House Minority Leader Nancy Pelosi, D-Calif., says any new NAFTA deal should be a trilateral deal with Mexico, Canada and the U.S. because anything else would not be 'in the interest of this hemisphere.' (Jose Luis Magana/Associated Press)

U.S. House of Representatives Democratic Leader Nancy Pelosi on Friday warned the Trump administration that NAFTA should be maintained as a trilateral pact between the United States, Mexico and Canada and not just as a U.S.-Mexico arrangement.

Pelosi's remarks are significant because whatever deal to renew the North American Free Trade Agreement is ultimately reached will be reviewed by the next Congress that convenes in January. Pelosi could be the speaker of the House if Democrats win this November's congressional midterm elections.

Talks to update NAFTA, which U.S. President Donald Trump says is unfair to the United States and must be radically revised, have been bogged down amid disagreements between Canadian and American negotiators.

Trump last month announced a side deal with Mexico and has warned Ottawa that he is prepared to leave Canada out if it fails to accept terms more favorable to the United States.

As House speaker, Pelosi would set the legislative agenda, and often has the political muscle to assure passage or defeat of initiatives.

"I think it should be trilateral," she told reporters, adding she did not think it would be "in the interest of this hemisphere" to turn NAFTA into a bilateral deal.

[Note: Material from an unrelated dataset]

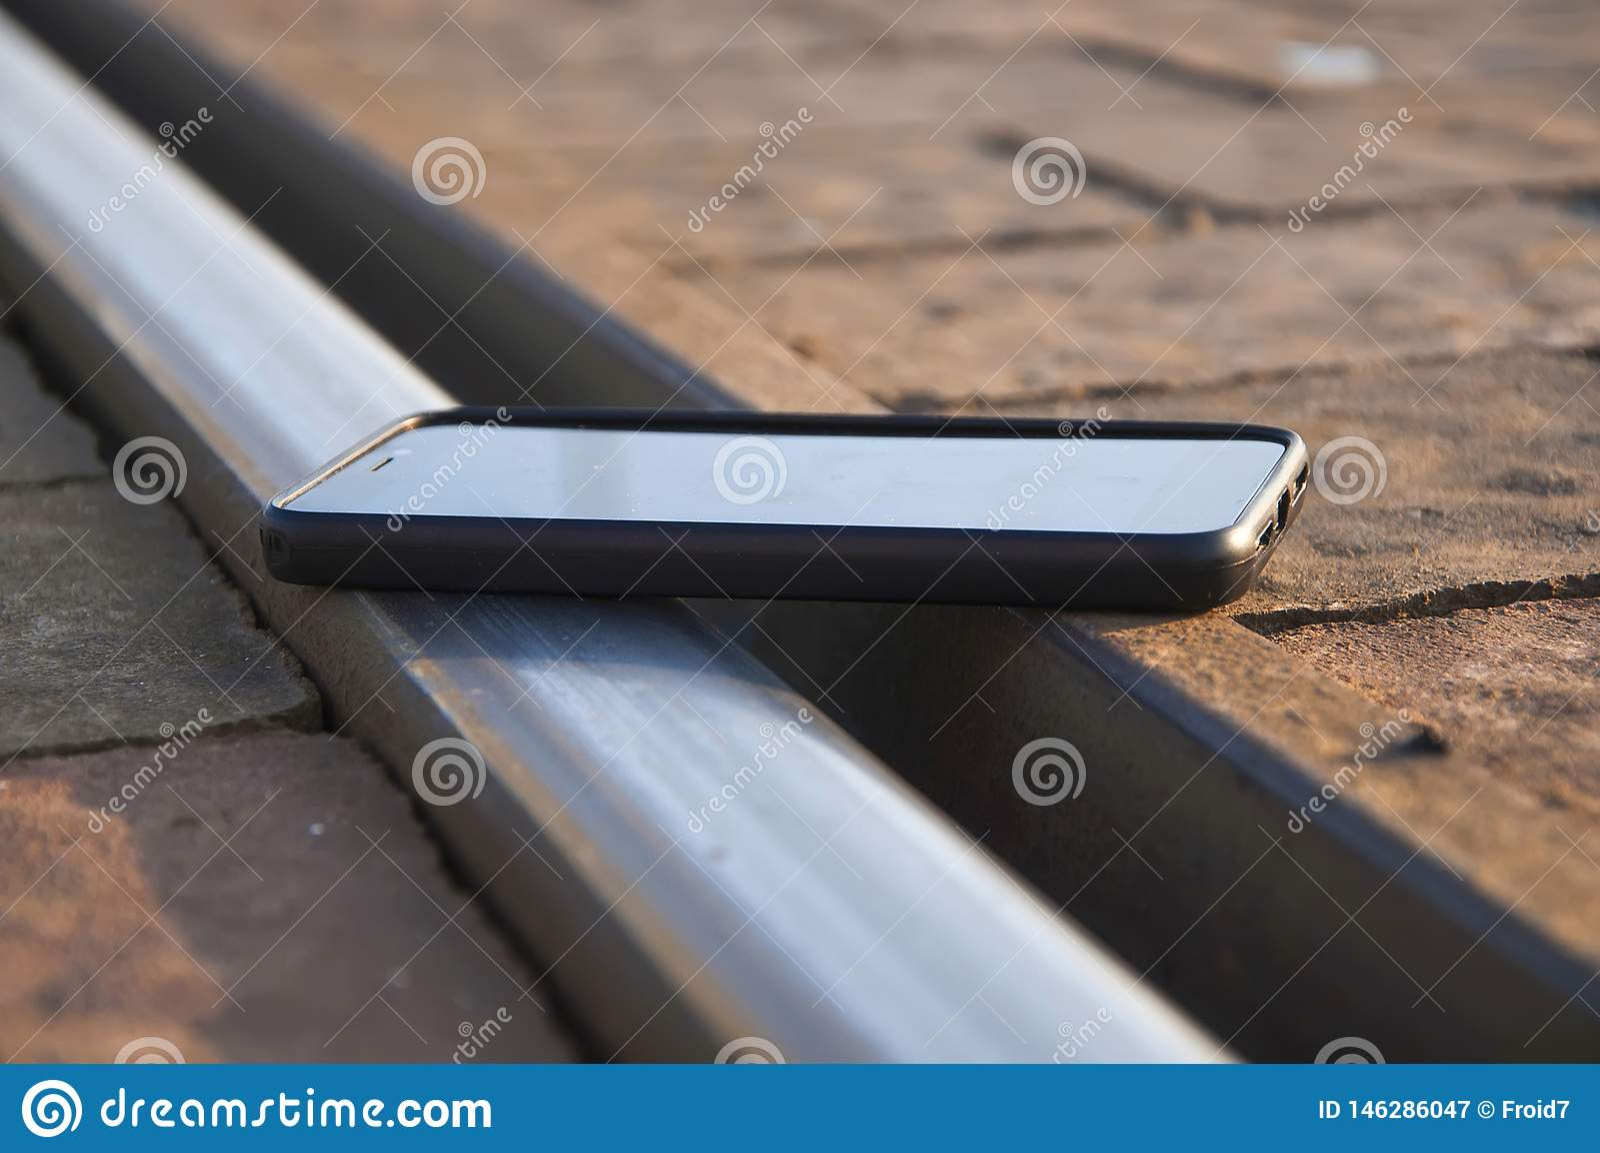 Smartphone on the railroad.

The U.S. administration wants the text of a deal ready by Oct. 1 but Canadian officials say they are not rushing, given the remaining differences. The two sides are arguing over dispute settlement mechanisms and a U.S. demand that Canada open up its protected dairy market.

Canadian officials say privately that some concessions will be needed on dairy, an approach that has alarmed the politically influential farming community.

Seeking details​​

Most Canadian dairy farmers live in the populous provinces of Ontario and Quebec, where Prime Minister Justin Trudeau's ruling Liberal Party needs to do well if he is to retain power in an election set for October 2019.

Pierre Lampron, president of the Dairy Farmers of Canada lobby group, planned to meet Canadian Foreign Minister Chrystia Freeland on Friday to ask her about NAFTA. The DFC said it had asked for the meeting.

Freeland's office did not respond to a request for comment.

Trudeau said on Thursday he wanted a good NAFTA deal as soon as possible, but did not answer directly when asked if he felt the end of September was the final deadline for talks.

Mexico said on Wednesday it had to be ready to pursue a bilateral deal with the United States if Ottawa and Washington did not come to terms.

But Pelosi said she was seeking more details on the results of the U.S.-Mexico negotiations, adding she had instructed aides to set up briefings for rank-and-file lawmakers.

"Any arrangement of that kind, of that length of being in effect should be subjected to some scrutiny," she said.